━━━ Data below ━━━
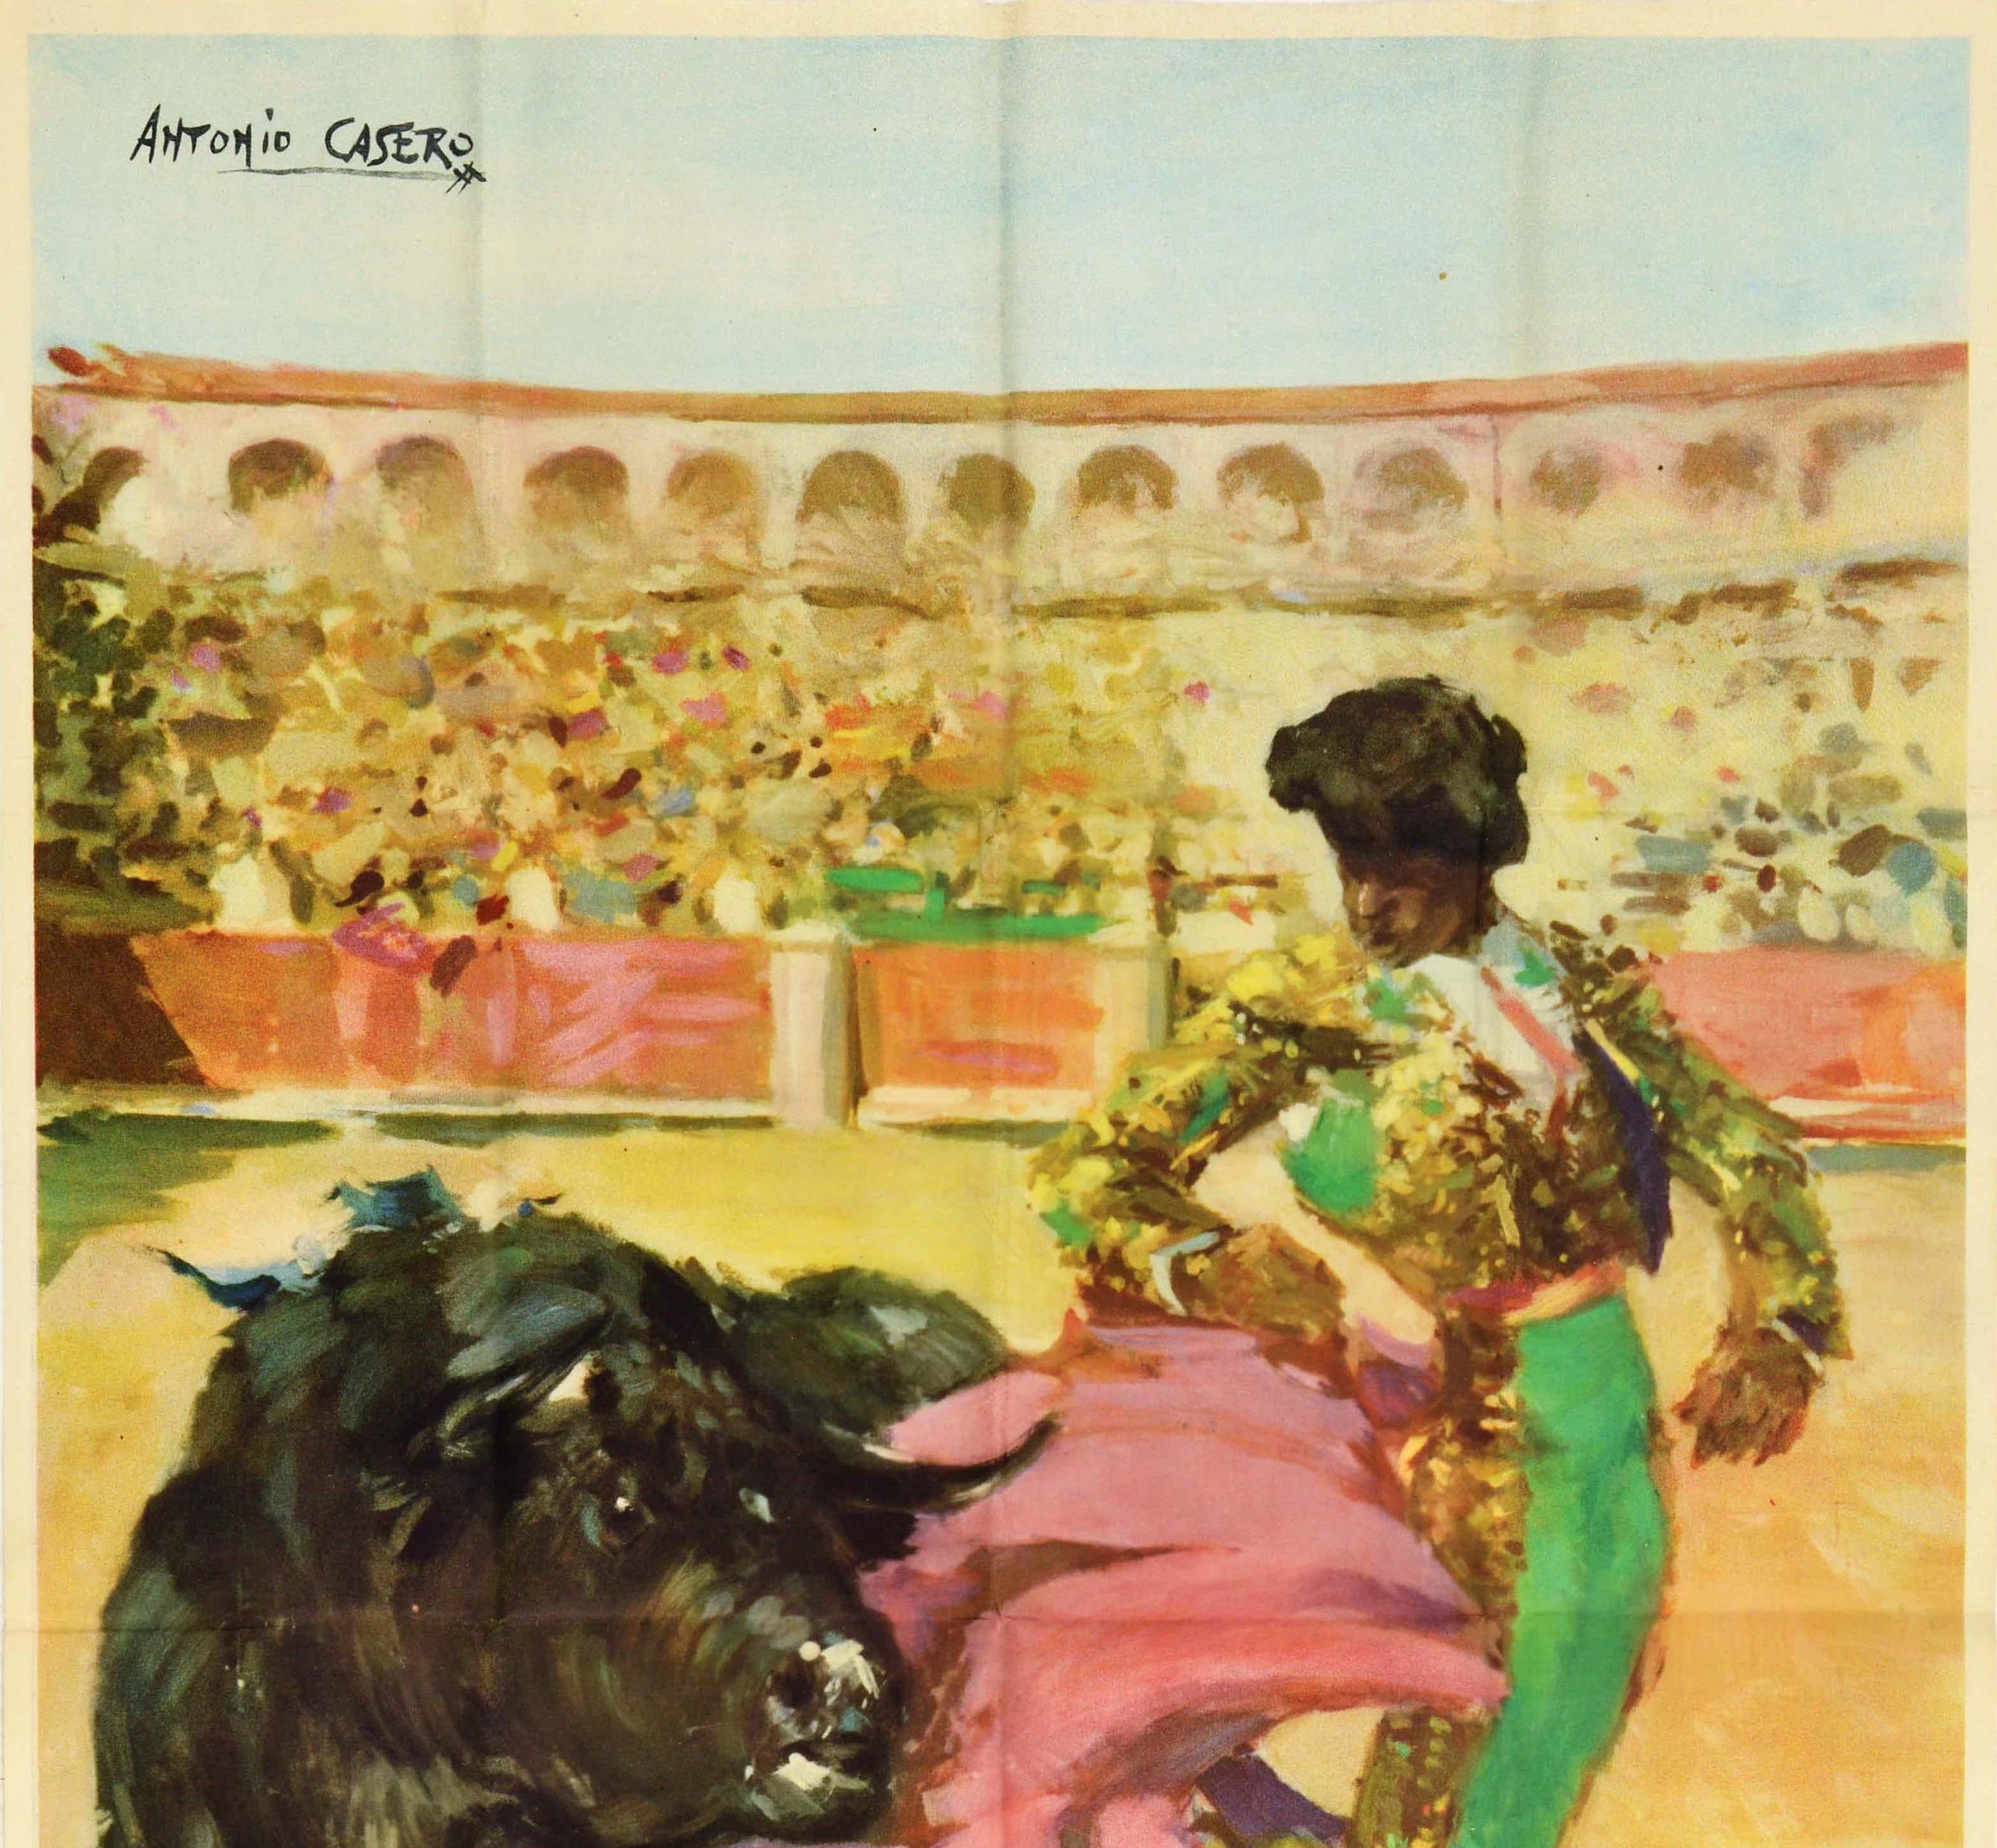 Original vintage travel poster advertising The Fiesta de Toros in Spain featuring a colourful design by Antonio Casero (1897-1973) of a bull fight with the torero / matador in a gold and green outfit being circled by a bull in a bullring arena full
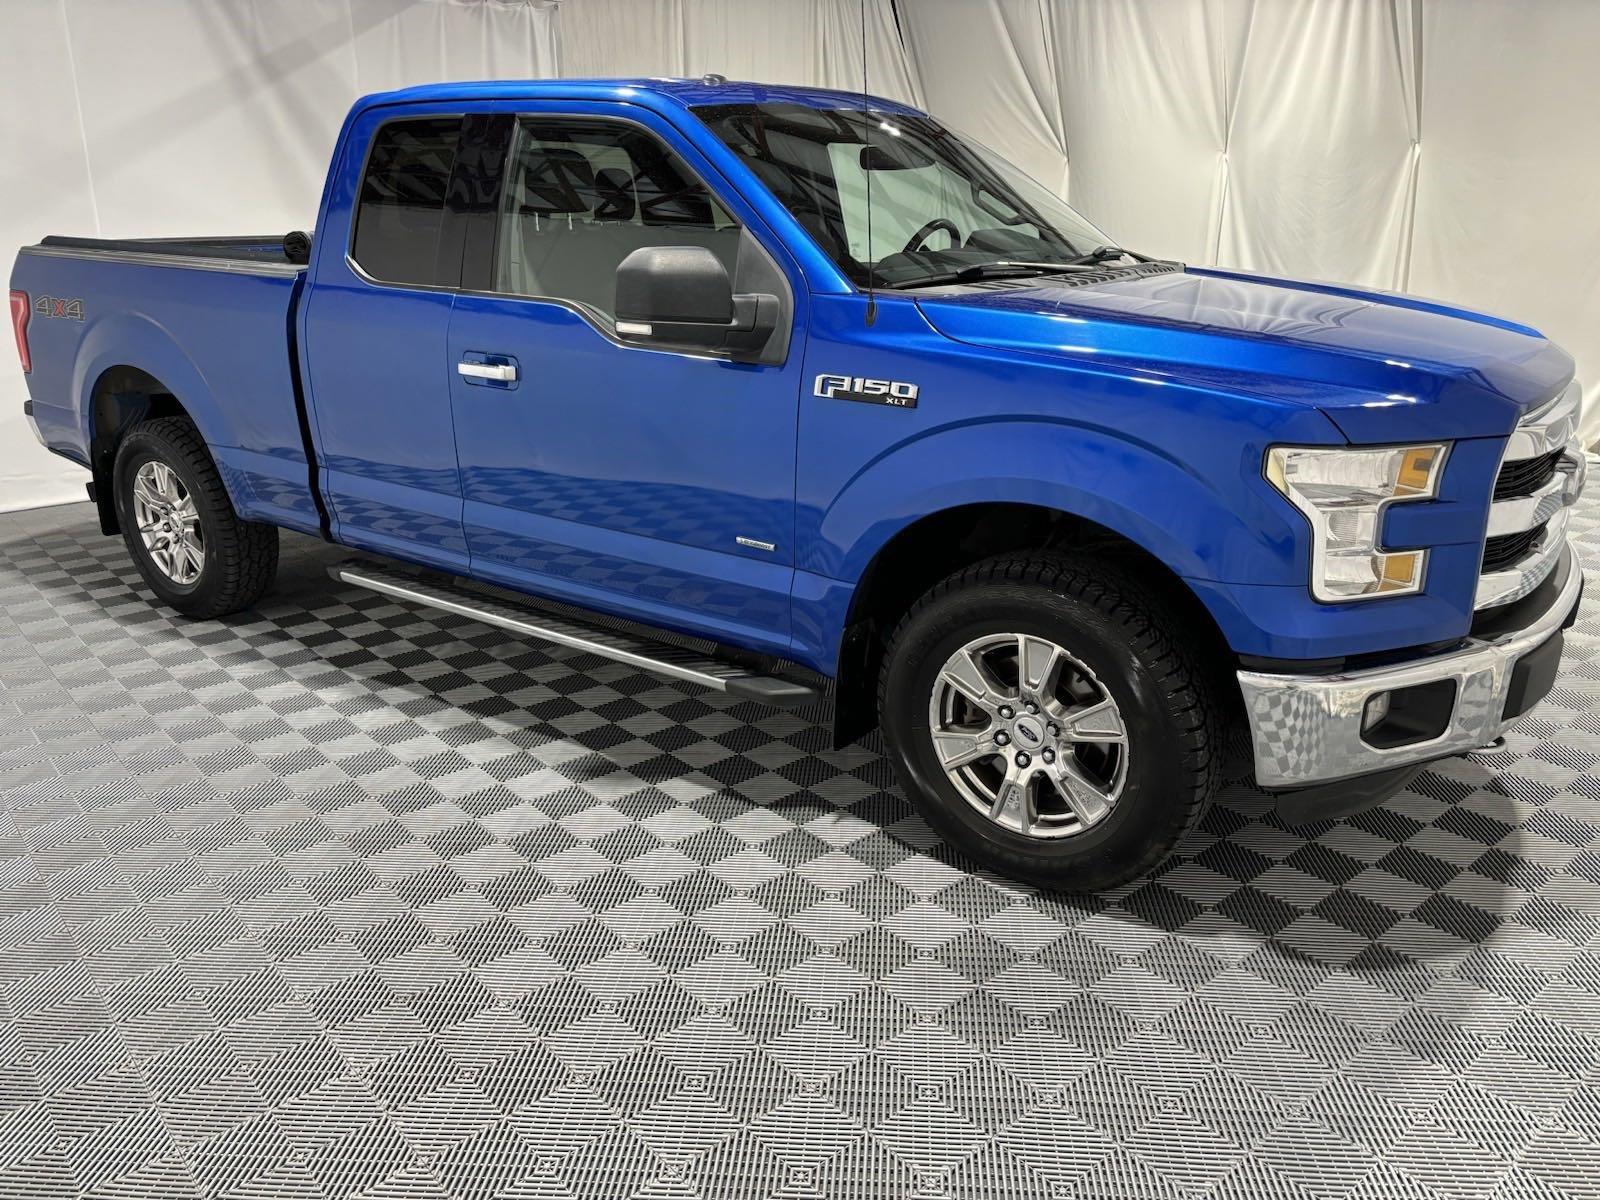 Used 2015 Ford F-150 XLT Super Cab Truck for sale in St Joseph MO
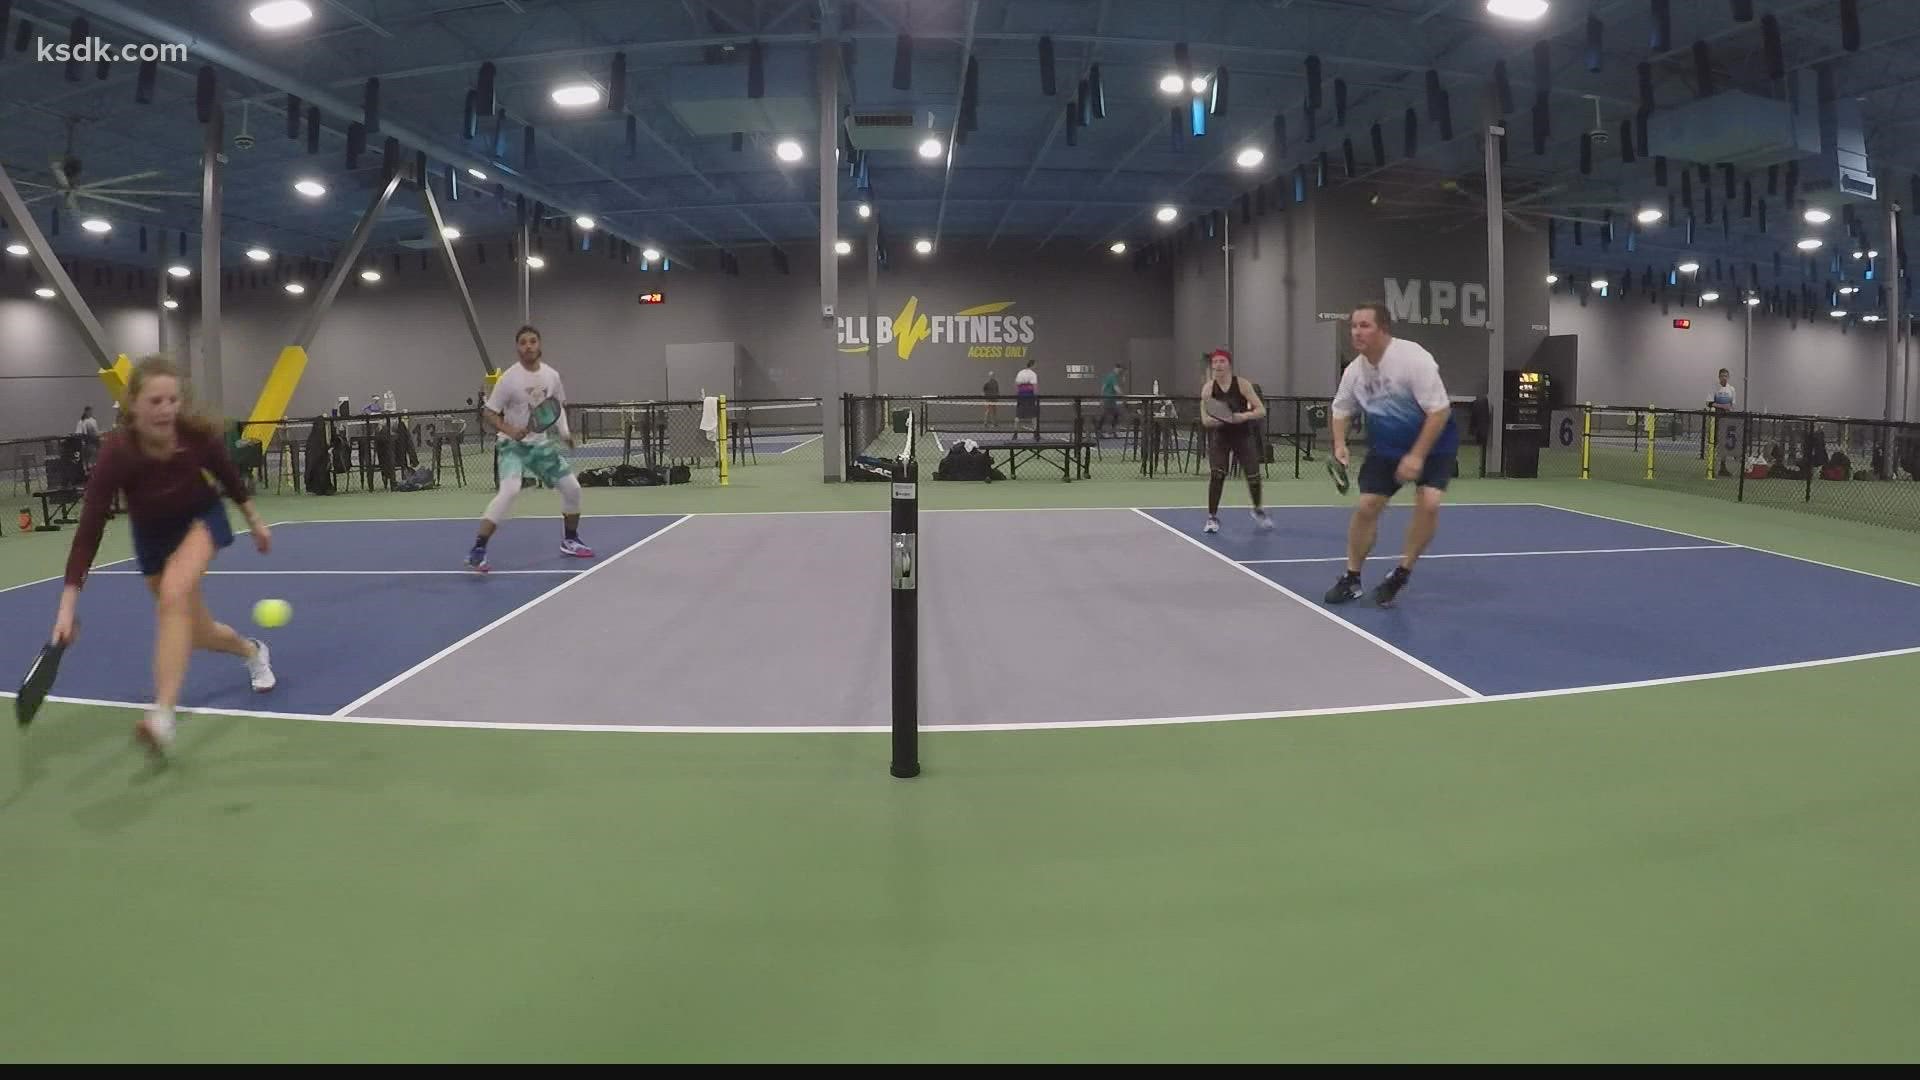 People from 8 to 80 are coming out to try pickleball. In the St. Louis area, there are about 30,000 players that play on hundreds of courts.
━━━
What to do:
The lines from the one holding "Used 2015 Ford" through the end of the material above are to be echoed exactly, both ends included. Do not include pictures.

Task result:
 Used 2015 Ford F-150 XLT Super Cab Truck for sale in St Joseph MO
 People from 8 to 80 are coming out to try pickleball. In the St. Louis area, there are about 30,000 players that play on hundreds of courts.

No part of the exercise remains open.